- Native name: Аккаржанка (Ukrainian)

Location
- Country: Ukraine
- Oblast: Odesa

Physical characteristics
- • location: near the village of Berezan
- • location: Sukhyi Estuary
- • coordinates: approx. 46°20′N 30°38′E﻿ / ﻿46.333°N 30.633°E
- Length: 39 km (24 mi)
- Basin size: 160 km^{2} (62 sq mi)

= Akkarzhanka =

Akkarzhanka (Аккаржанка) is a small steppe river in Odesa Raion of Odesa Oblast, Ukraine. The river has origin near the village of Berezan, inflows to the Sukhyi Estuary in its north-western part, near the urban-type settlement of Velykodolynske.

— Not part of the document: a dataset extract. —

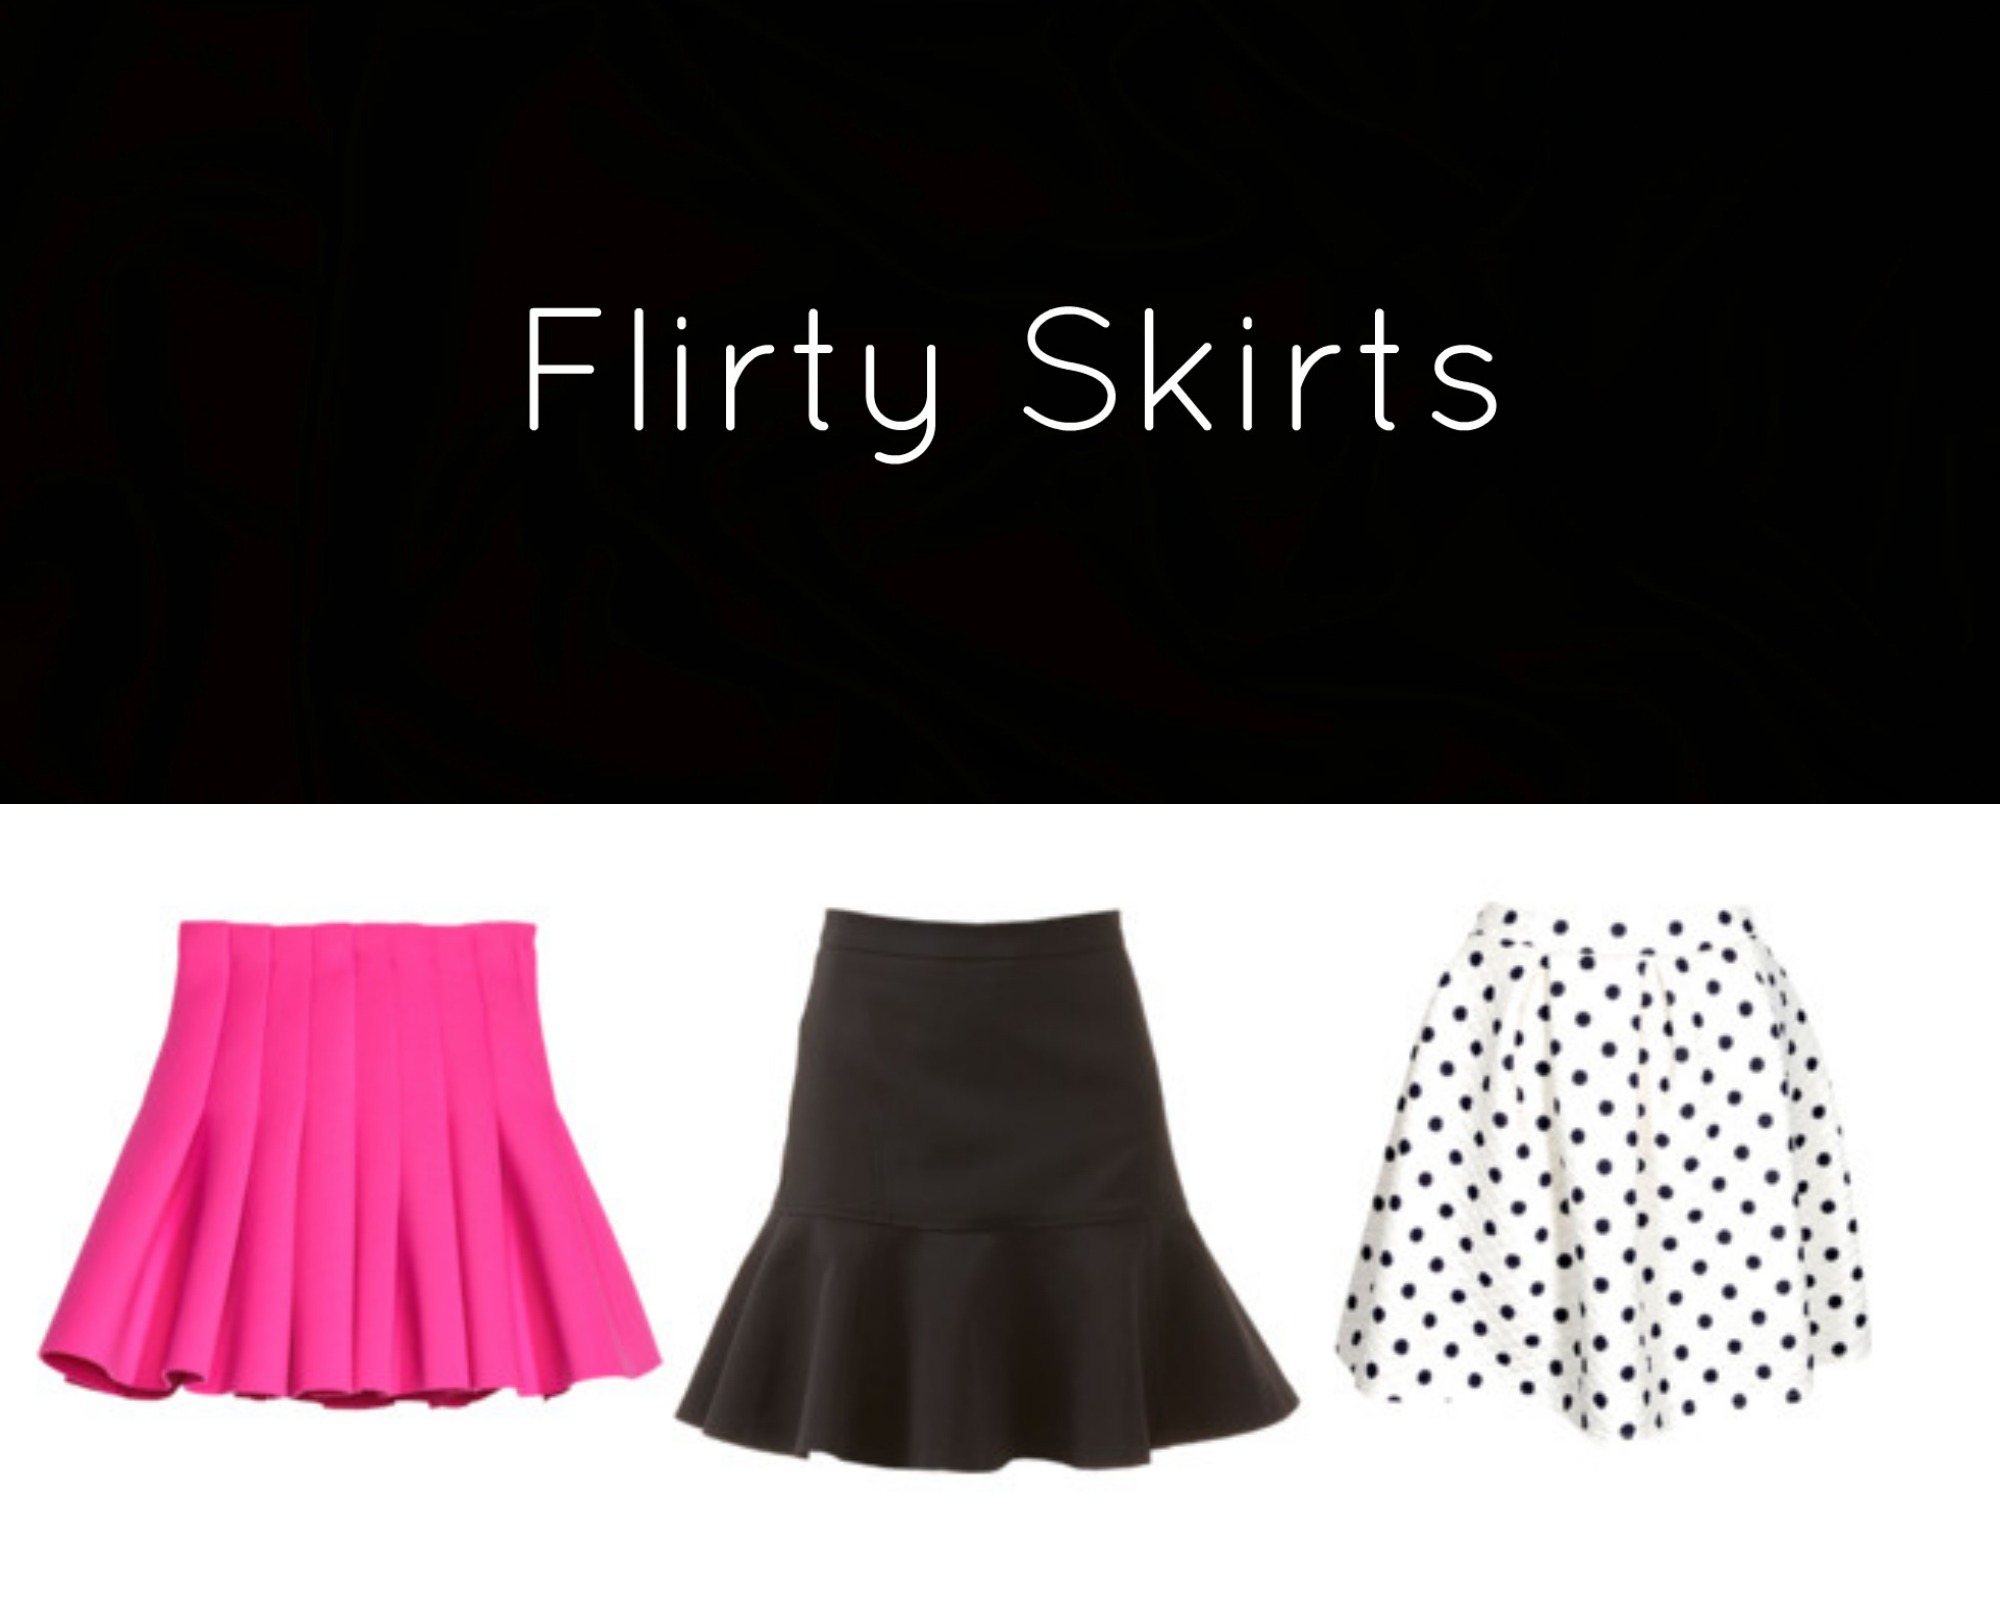 Flirty Skirts - Rachel's Lookbook

The length of the river 39 km, the watershed area is 160 km2. It is fed mainly by rain and meltwater, with some minor contributions from underground runoff.

== Species ==
Using kick-nets and sampling a fish pond and the Oleksandrivka Reservoir in the river in 2018, a study found several specimens of the Macrobrachium nipponense (Oriental river prawn), which is an invasive species, within the river with estimated densities of up to 15 individuals per square meter. Young individuals were consistently present, indicating reproduction in the river.

== Status ==
Reports from a commission in 2023 reported ongoing drying out and siltation of the river, and that there needed to be an attempt to clear the sources that feed the river. Authorities from the rural settlement of Velykodolynske agreed to develop a project for cleaning the river, increasing control over compliance with environmental protection zones, and removing illegal structures that block access to the river in order to remedy the situation.